● What the exercise asks
Please, could you print all the lines below exactly, leaving out the pictures?

● Collected data
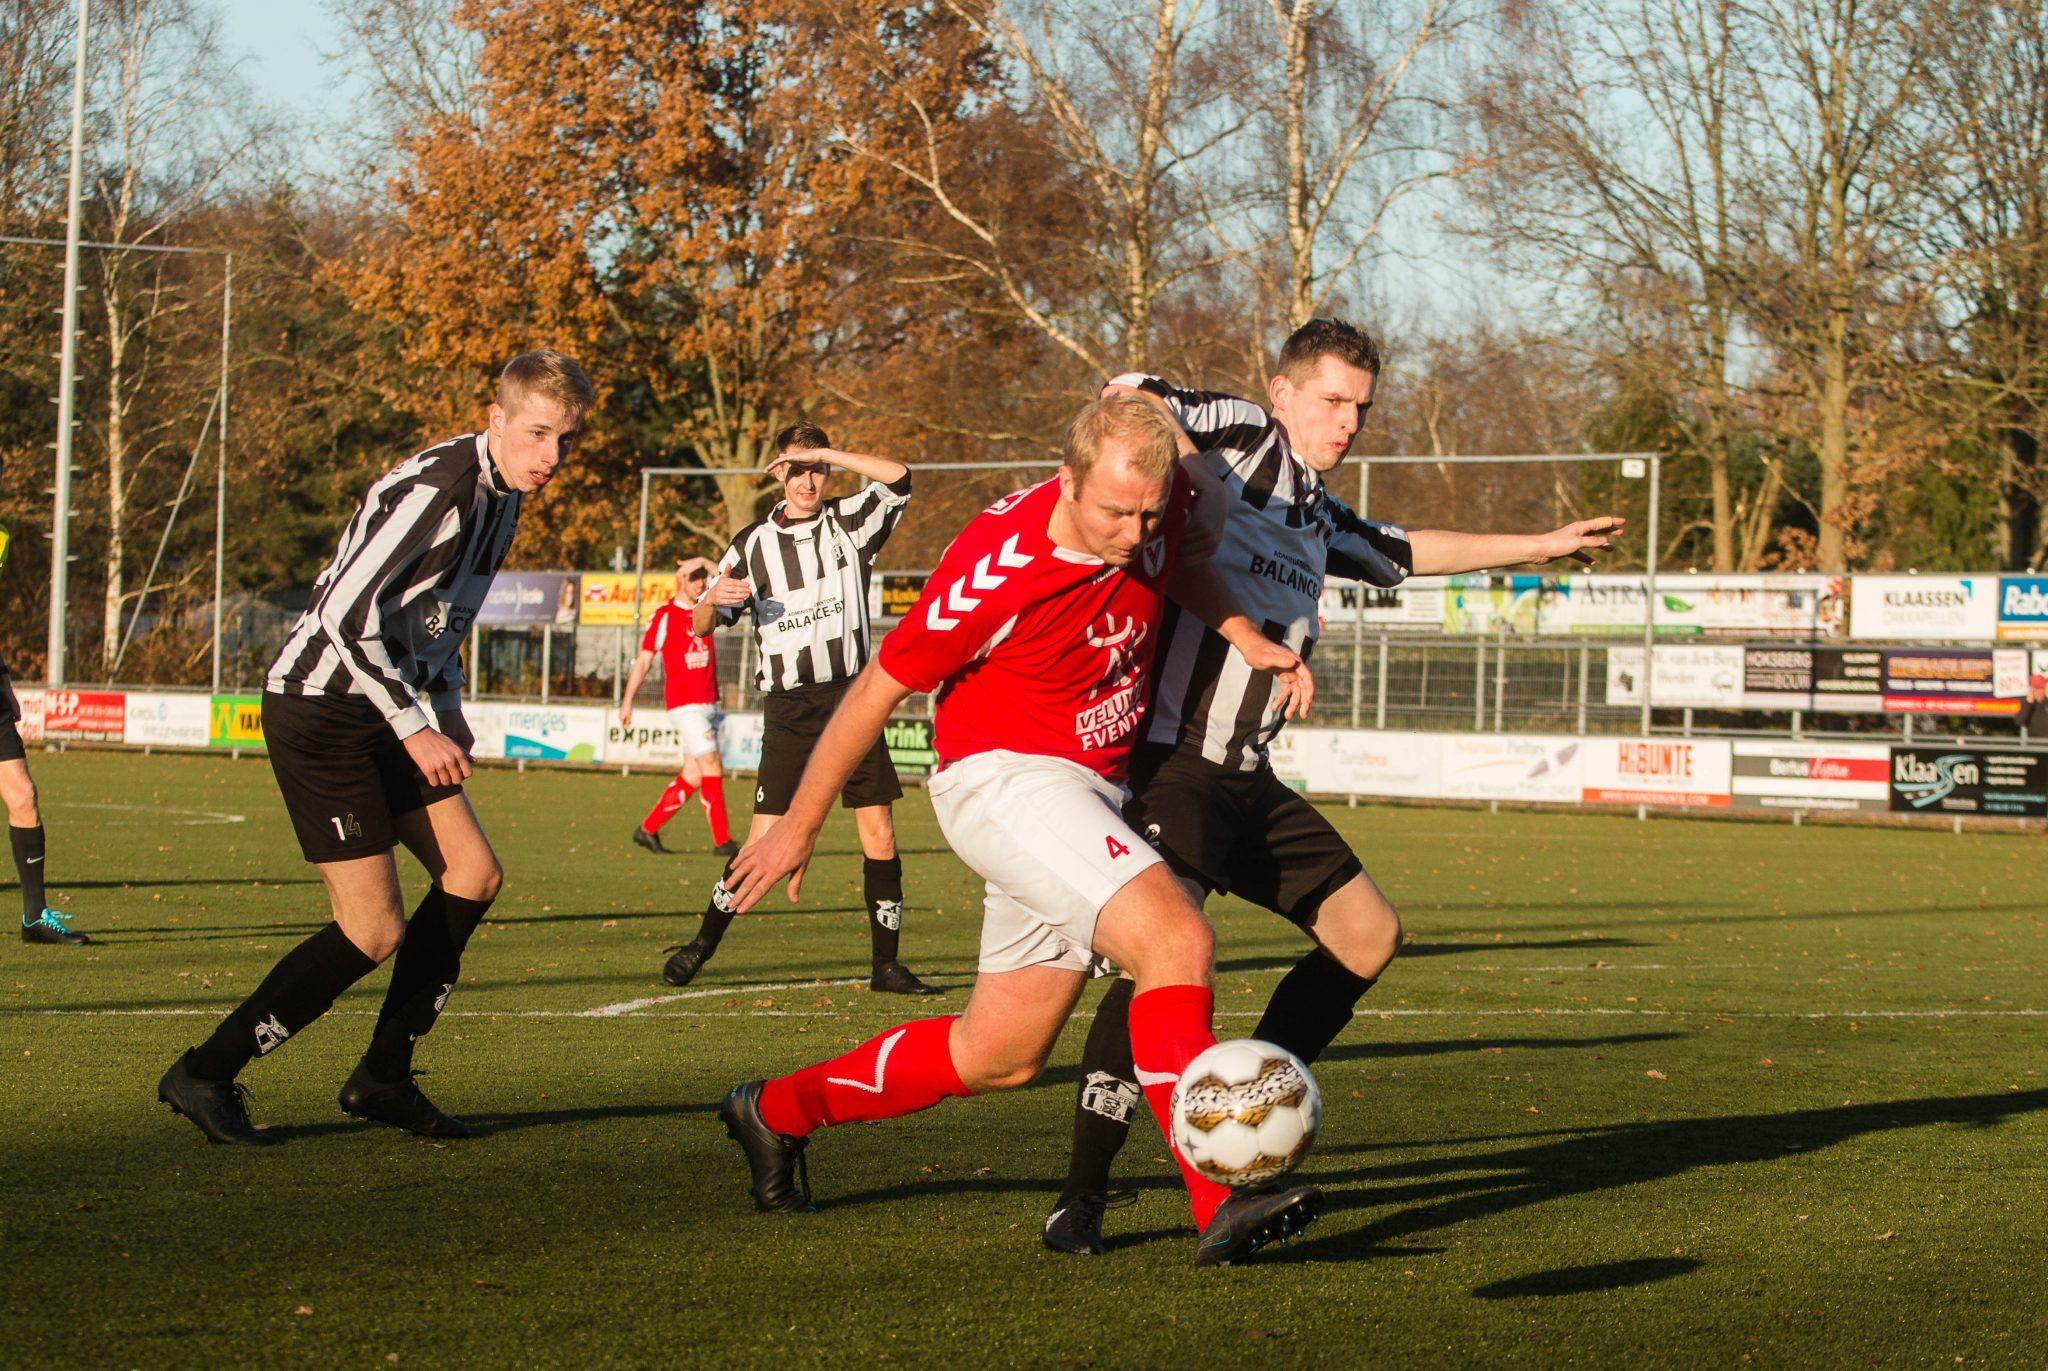 Hulshorst geeft overwinning weg in slotfase
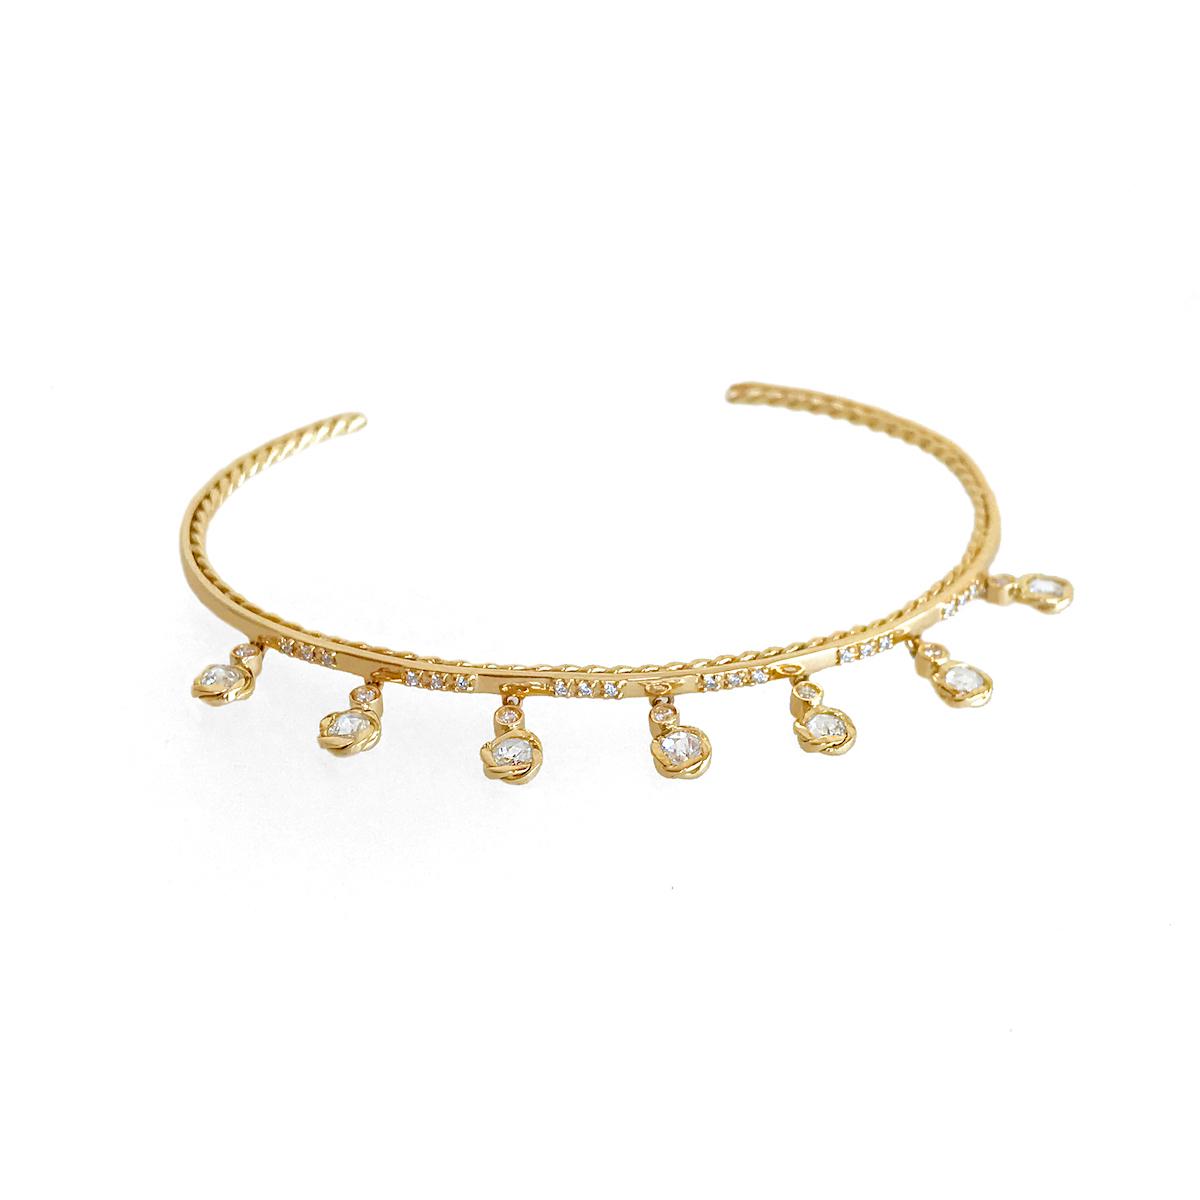 98-twist-lined-rose-cut-diamond-6-station-dangle-tassel-stackable-open-gold-cuff_4528
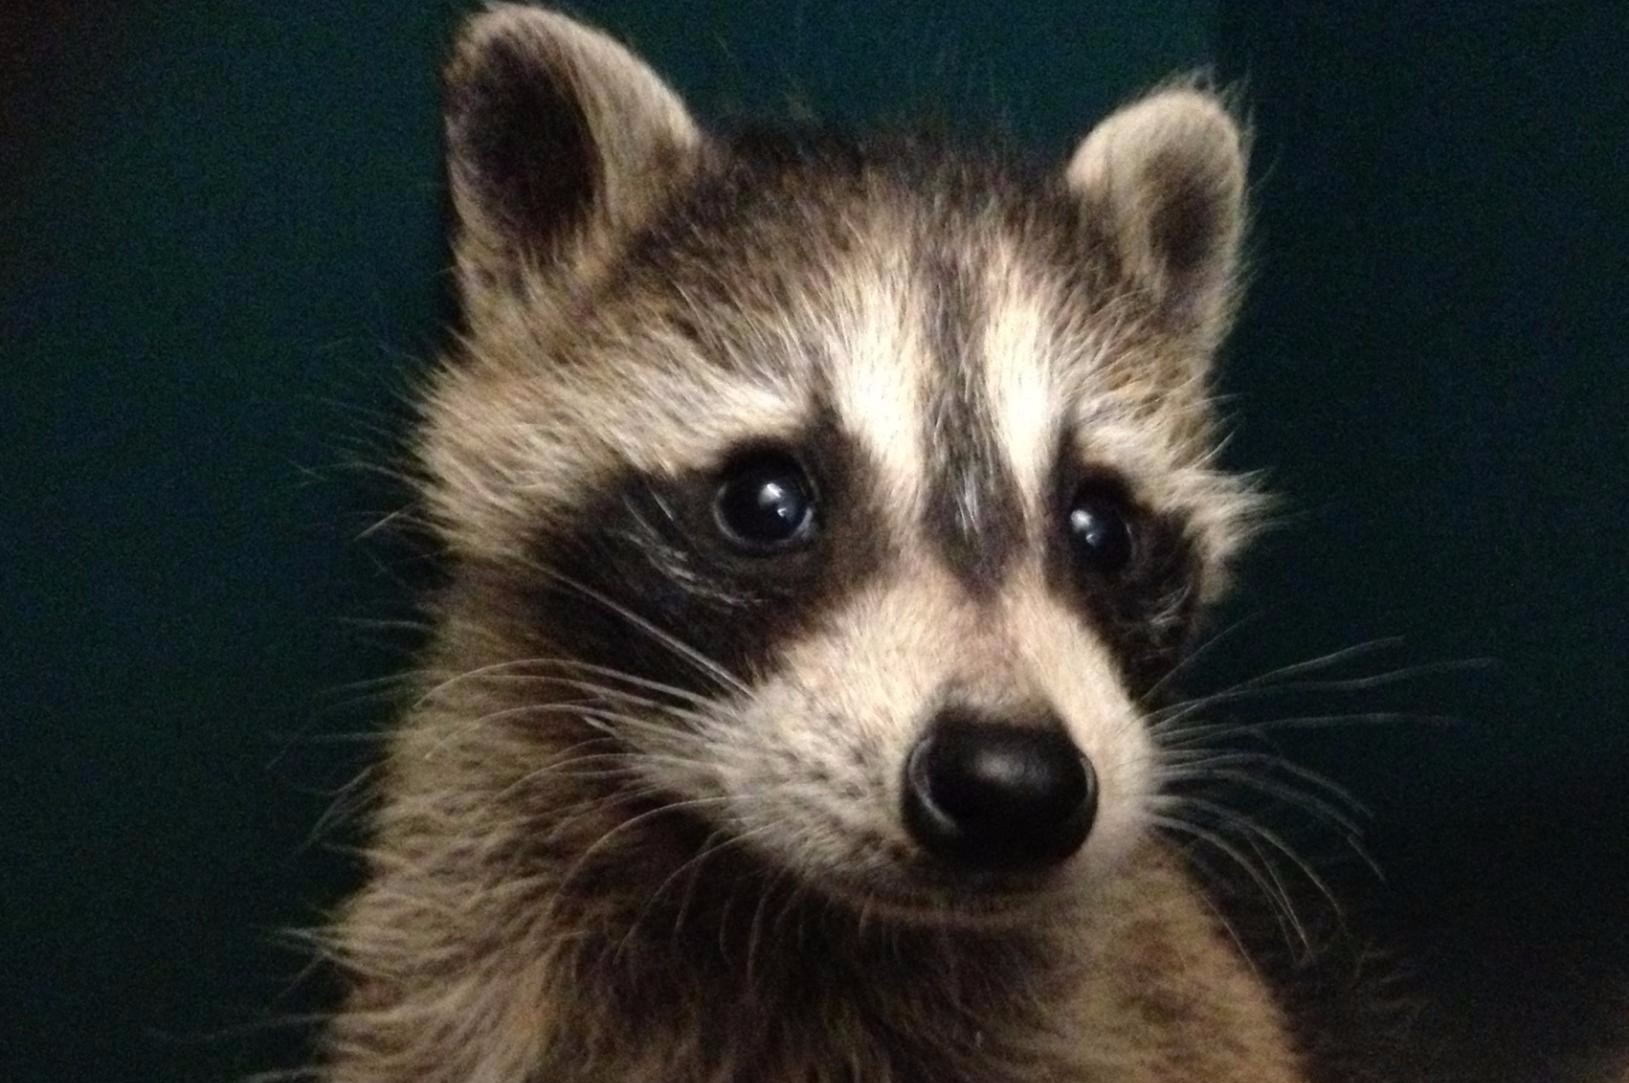 nebraska wildlife rehab inc wildlife help nuisance wildlife

● The completed task
 Hulshorst geeft overwinning weg in slotfase
 98-twist-lined-rose-cut-diamond-6-station-dangle-tassel-stackable-open-gold-cuff_4528
 nebraska wildlife rehab inc wildlife help nuisance wildlife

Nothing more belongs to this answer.